Introduction
Due to the novelty of Artificial Intelligence (AI) and its wide-reaching research applications, there has been an exponential rise in literature focusing on AI’s use within otolaryngology.1–3 For example, published studies range from examining the performance of ChatGPT in theoretical clinical vignettes,4–7 advancing the early detection of oropharyngeal malignancies,8 improving the readability for patient education materials,9 and predicting audiologic outcomes among patients with sudden sensorineural hearing loss.10
Despite the rise in publications focusing on AI within otolaryngology, a minority have examined how AI may be harnessed to improve comprehensive education for trainees within the field. A recent scoping review examined how AI can re-shape the assessment of surgical training in otolaryngology, which is undoubtedly an integral aspect to an otolaryngology residency training program.11 In addition to covering surgical training, this scoping review aims to address other important areas of residency training such as the development of clinical acumen, scholarship, and career preparedness. Research on this topic within other surgical subspecialties such as ophthalmology,12–21 neurosurgery,22–24 and urology25–28 has exceeded that within otolaryngology, further compounding the gap that currently exists within otolaryngology literature.

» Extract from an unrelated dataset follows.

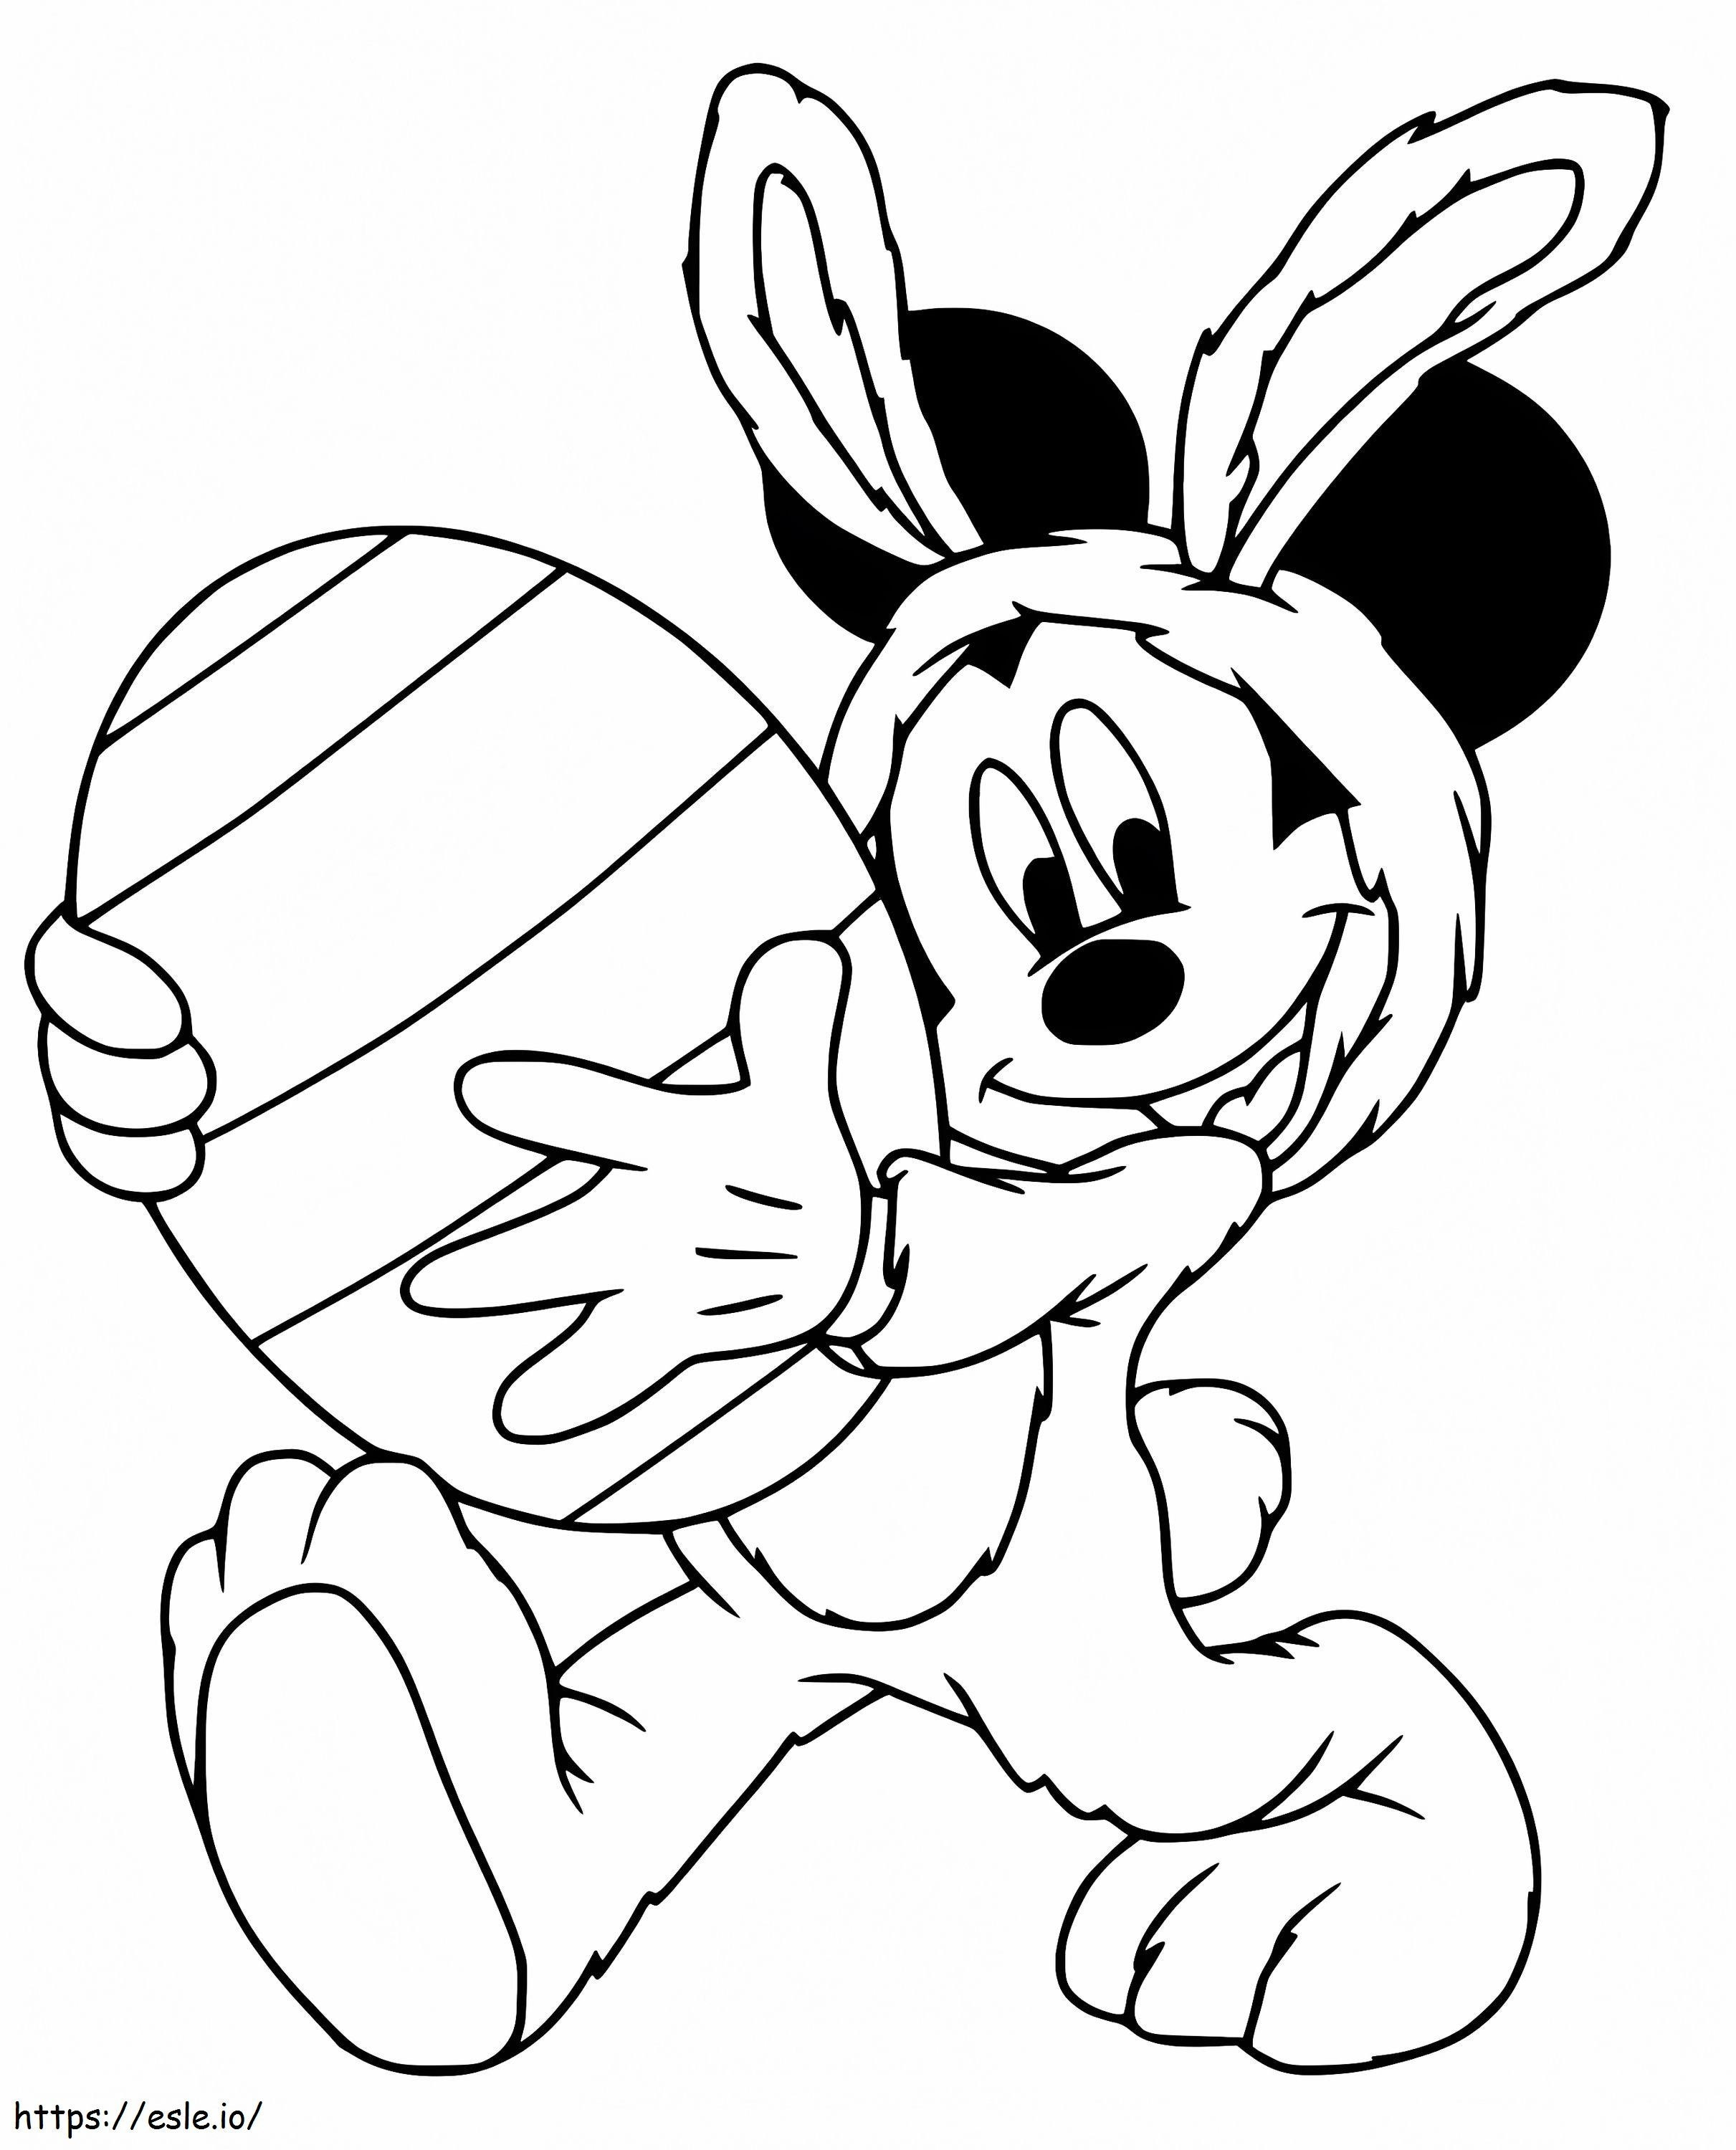 Mickey Mouse mit großem Osterei ausmalbilder

Given the intensifying rise in AI’s proficiency and use, the aim of this scoping review is to systematically examine AI’s unique ability to improve comprehensive otolaryngology trainee education.
Methods
A systematic review of the literature following PRISMA-ScR guidelines was performed across the following databases: Embase (1947 to July 2025), Scopus (1970 to July 2025), and PubMed (1946 to July 2025). Key words included terms related to three broad categories: artificial intelligence, medical education, and otolaryngology. Examples of key words used include: “Artificial Intelligence,” “machine learning,” “large language model,” “surgical assessment,” “residency,” “learner skills,” “otolaryngology,” and “ENT.” The full search strategy for each database is shared within Appendix 1. Two authors (M.S., J.Z.) independently reviewed all abstracts and full texts using Covidence, resolving conflicts throughout the process. Inclusion criteria included original articles related to the uses of artificial intelligence within otolaryngology training. Exclusion criteria included letters to the editor and opinion letters, conference abstracts, and publications in a language other than English. Any articles not pertaining to either artificial intelligence, medical education, or the field of otolaryngology were excluded. After full-text review, themes were extracted and organized into overarching categories.
Results
The initial search returned 1964 articles, of which 657 were duplicates. After initial abstract screening, 120 articles were selected for full-text review. Of these, 56 articles lacked an AI component, 19 were not related to medical or surgical education, 12 were response letters or editorials, 7 were conference abstracts, 4 were review articles, 4 were not within the field of Otolaryngology, and 1 was not available in English. 16 articles were selected for inclusion in the final thematic analysis (Figure 1). The articles were reviewed and emerging themes analysis was performed. Studies included were published between the years of 2015-2025. We identified the following themes surrounding the use of AI: AI-Enhanced Surgical Training Models,29–32 AI-Based Surgical Skill Assessment,33–35 Instrument tracking and computer vision34–37 AI as a Research Aid,38 AI Augmentation of Didactic Learning,39–41 and AI in Residency Admissions.42–44
Artificial Intelligence as a research aid in Otolaryngology
Shaari et al.38 evaluated the ability of ChatGPT to generate unique research ideas relevant to Otolaryngology. Of the systematic review ideas that ChatGPT generated, the authors found that only a small portion had not been already published. The authors found that artificial intelligence was occasionally able to generate novel systematic review ideas within the field of otolaryngology; the ideas that it did generate were largely feasible and clinically relevant.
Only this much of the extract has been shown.